Now in the bathroom in Takadanobaba, I rinsed out the flannel and looked thoughtfully at my reflection, a thin-limbed spectre squatting on the little rubber stool. The girl who might go to the grave with only five boys in the back of a Ford Transit to reckon as her life’s loves. I filled up the little plastic bowl, swirling the hot and the cold water together, and tipped it down my body, letting the water lift and furl in the hollows of my collar-bone, filter down into the scars on my stomach. I put down the bowl and slowly, dreamily, spanned my hands across my abdomen, linking my thumbs and fanning my fingers into a frame, staring vacantly at the way the water gathered in the hatched gouges, silvery, reflecting the light like mercury.
No one, only the doctors and a man who came from the police to take photographs of them, had ever seen my scars. In my daydreams I imagined there was someone who would understand – someone who would look at them and not recoil, who would hear the story and instead of burying their face, averting their eyes, would say something sweet and sad and sympathetic. But of course I knew it would never happen, because I’d never ever get that far. Never. If I imagined taking off my clothes, if I pictured myself revealing the truth to someone, I’d get a sickening, rushing sensation in my inner ear that would weaken my knees and have me tugging frantically at whatever I happened to be wearing, wrapping it tightly round my stomach as if I could hide what was there.
I suppose there are some things you just have to be grown-up about. Sometimes you have to take a deep breath and say: ‘This is not something I can expect in my life.’ And if you say it enough times, it’s surprising – after a while it doesn’t even feel that horrible any more.
While I was in the bathroom, thinking about Fuyuki, the Russians had got dressed and now they were going down to the garden. They must have seen me out there and decided that if I could venture out so could they. Svetlana was dressed in only a tiny lime green bikini and a straw sun-hat, which she held on to her head with her free hand. When I was dried and dressed I stood in the upstairs gallery and watched her make he
r way through the undergrowth, her tanned limbs flashing through the leaves. Irina came behind in a bikini top, pink shorts, sweetheart sunglasses and a bright pink baseball hat, worn backwards so her neck was shaded. She’d shoved a packet of cigarettes into the strap of her bikini top. They both picked their way out through the undergrowth, squealing and bickering, and lifting their feet in their high heels like odd wading birds, coming blinking out into the sunshine. ‘Sun, sun!’ they chorused, adjusting their glasses and staring up at the sky.

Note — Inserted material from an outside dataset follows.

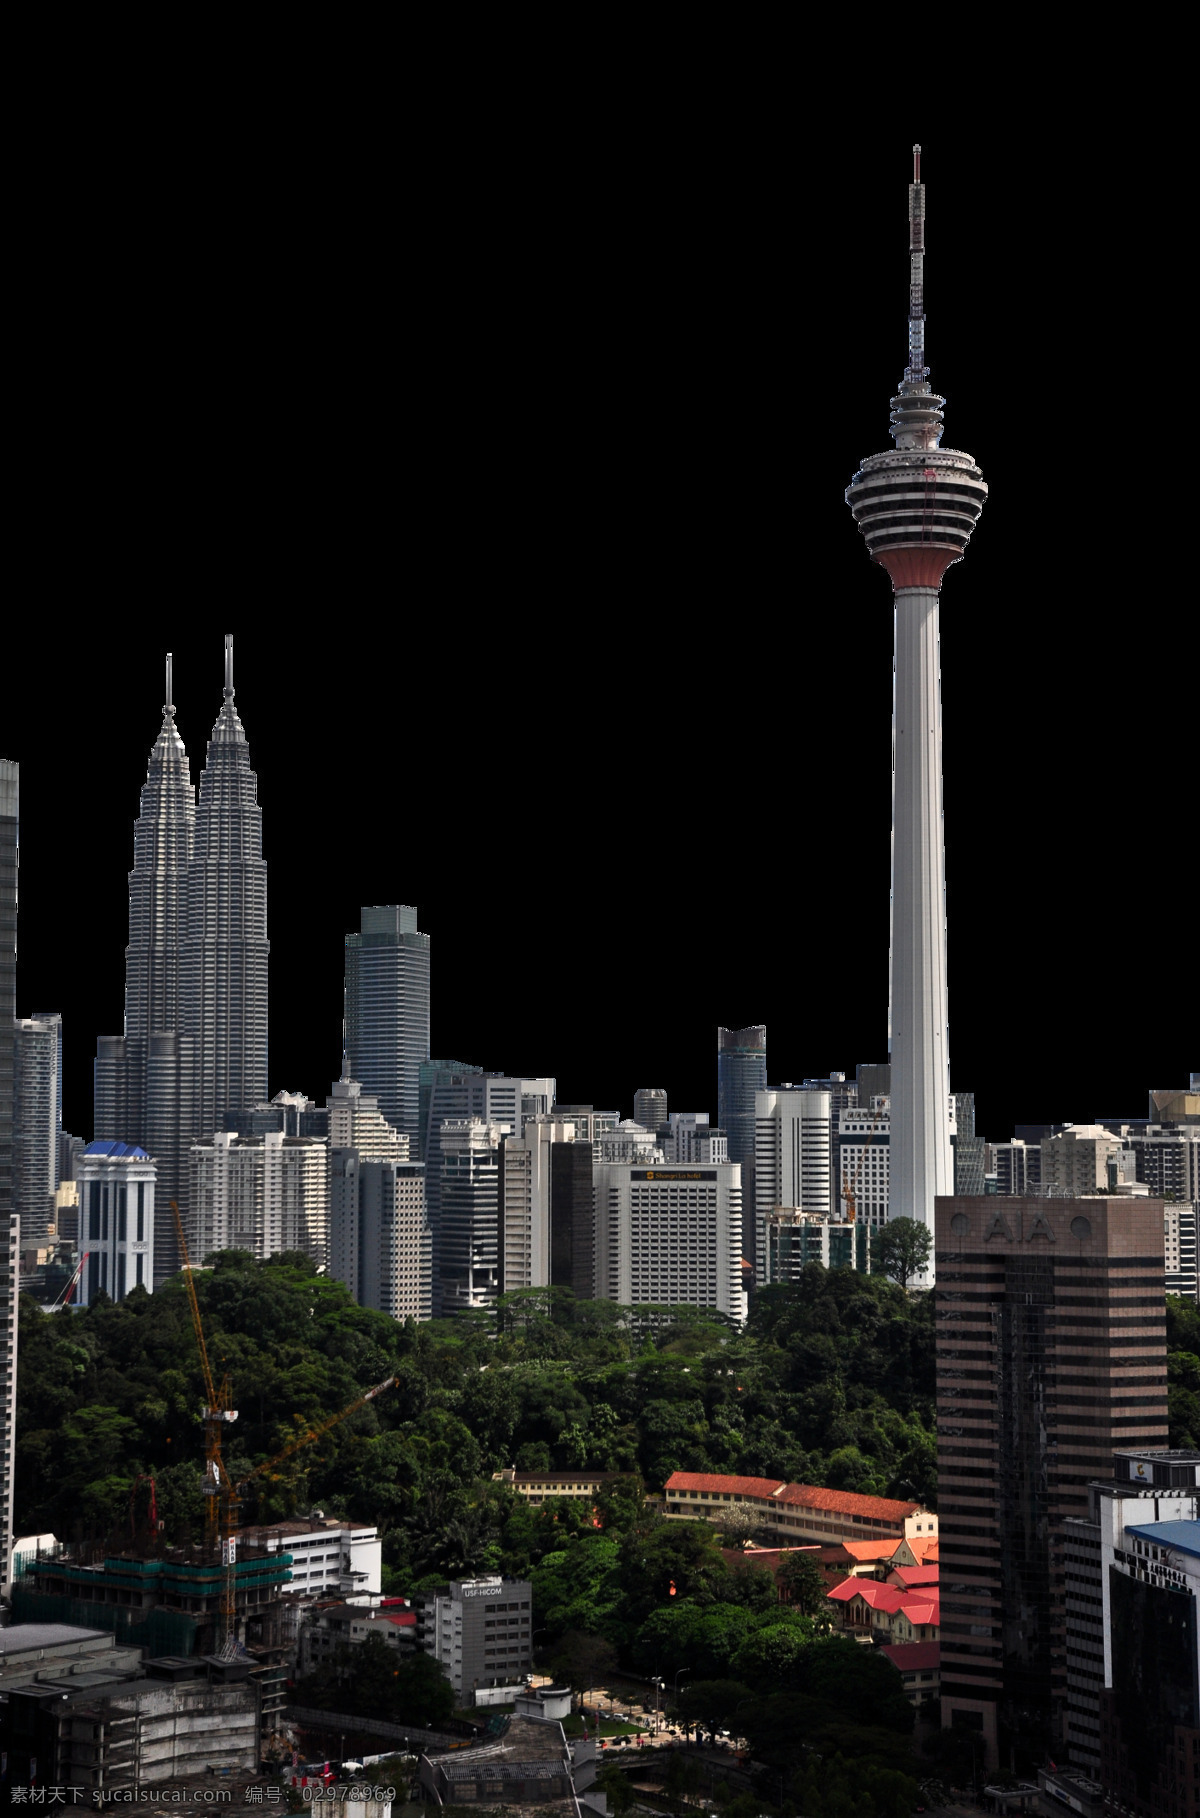 吉隆坡 电视塔 抠 图 环境设计 建筑群 建筑设计 抠图 马来西亚 家居装饰素材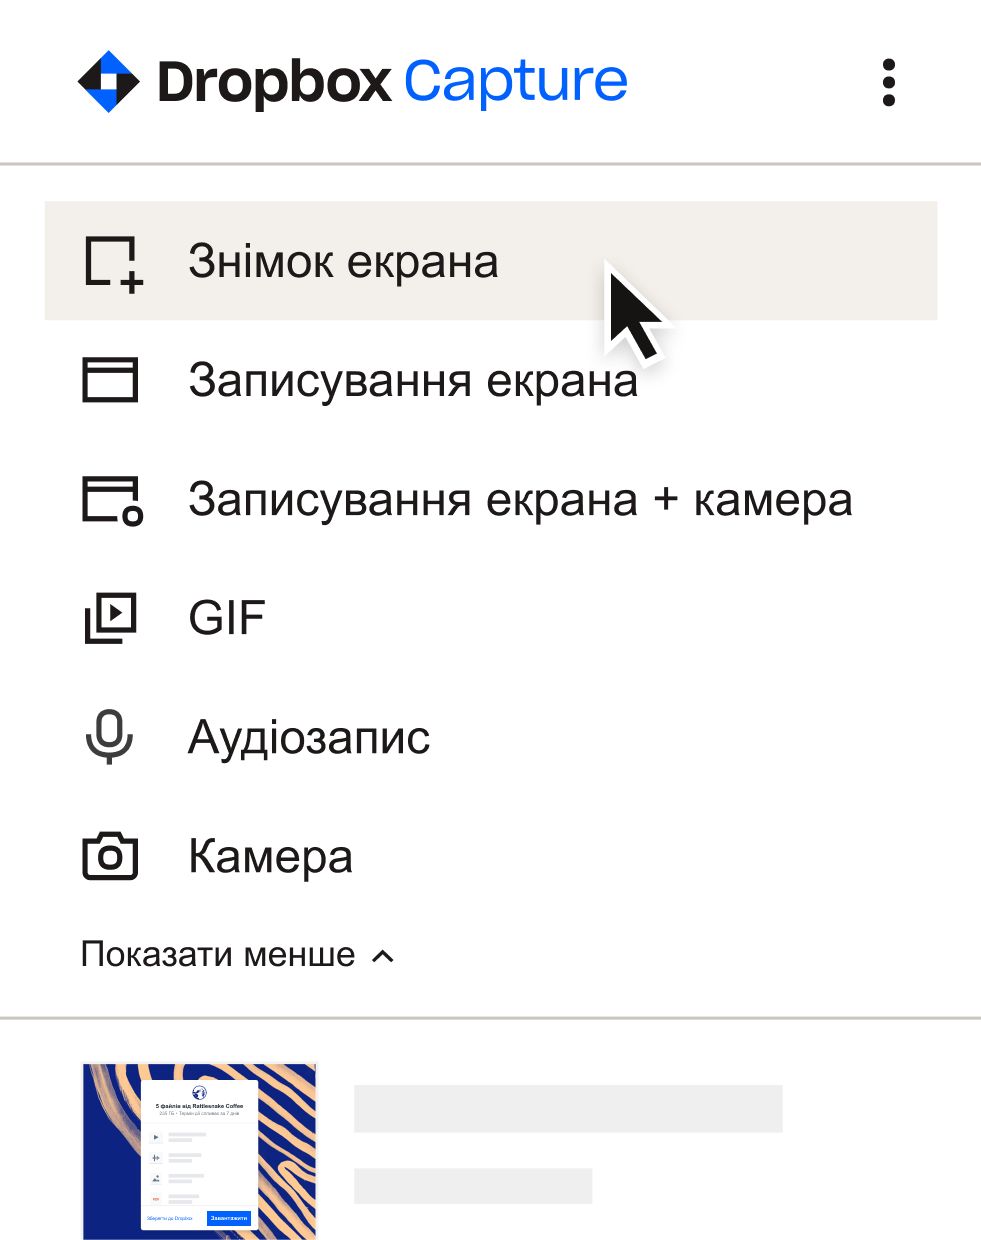 Користувач вибирає «знімок екрана» в меню «Запис»

I put my nose silently to the window and watched them rubbing on sun lotion, undoing packets of cherry KissMint chewing-gum and drinking beer out of frozen cans they’d bought from the machines on the street. Svetlana had fire-engine-red polish on her toes. I stared down at my white feet, wondering whether I had the courage to paint my nails. All of a sudden I had a hot, overwhelming feeling that made me shiver and rub my arms – it was something about wasted time and how lucky they were to be so comfortable in their skin. To move and stretch and be at home in the sun, nobody accusing them of madness.
And right there and then I made up my mind. As long as I was dressed, as long as my stomach was covered, there was nothing, no physical mark, that gave it away. If you didn’t know, and no one here in Tokyo did, you’d look at me and say I was normal. I could be as ‘sexy’ as anyone else.
20
I couldn’t stop thinking about Fuyuki. Every time the lift bell rang and the hostesses swivelled round to yell in unison across the club, ‘Irasshaimase! Welcome!’ I’d sit forward on the edge of my seat, my pulse leaping, thinking I might see his wheelchair gliding across the floor. But he didn’t come into the club that night, or the next.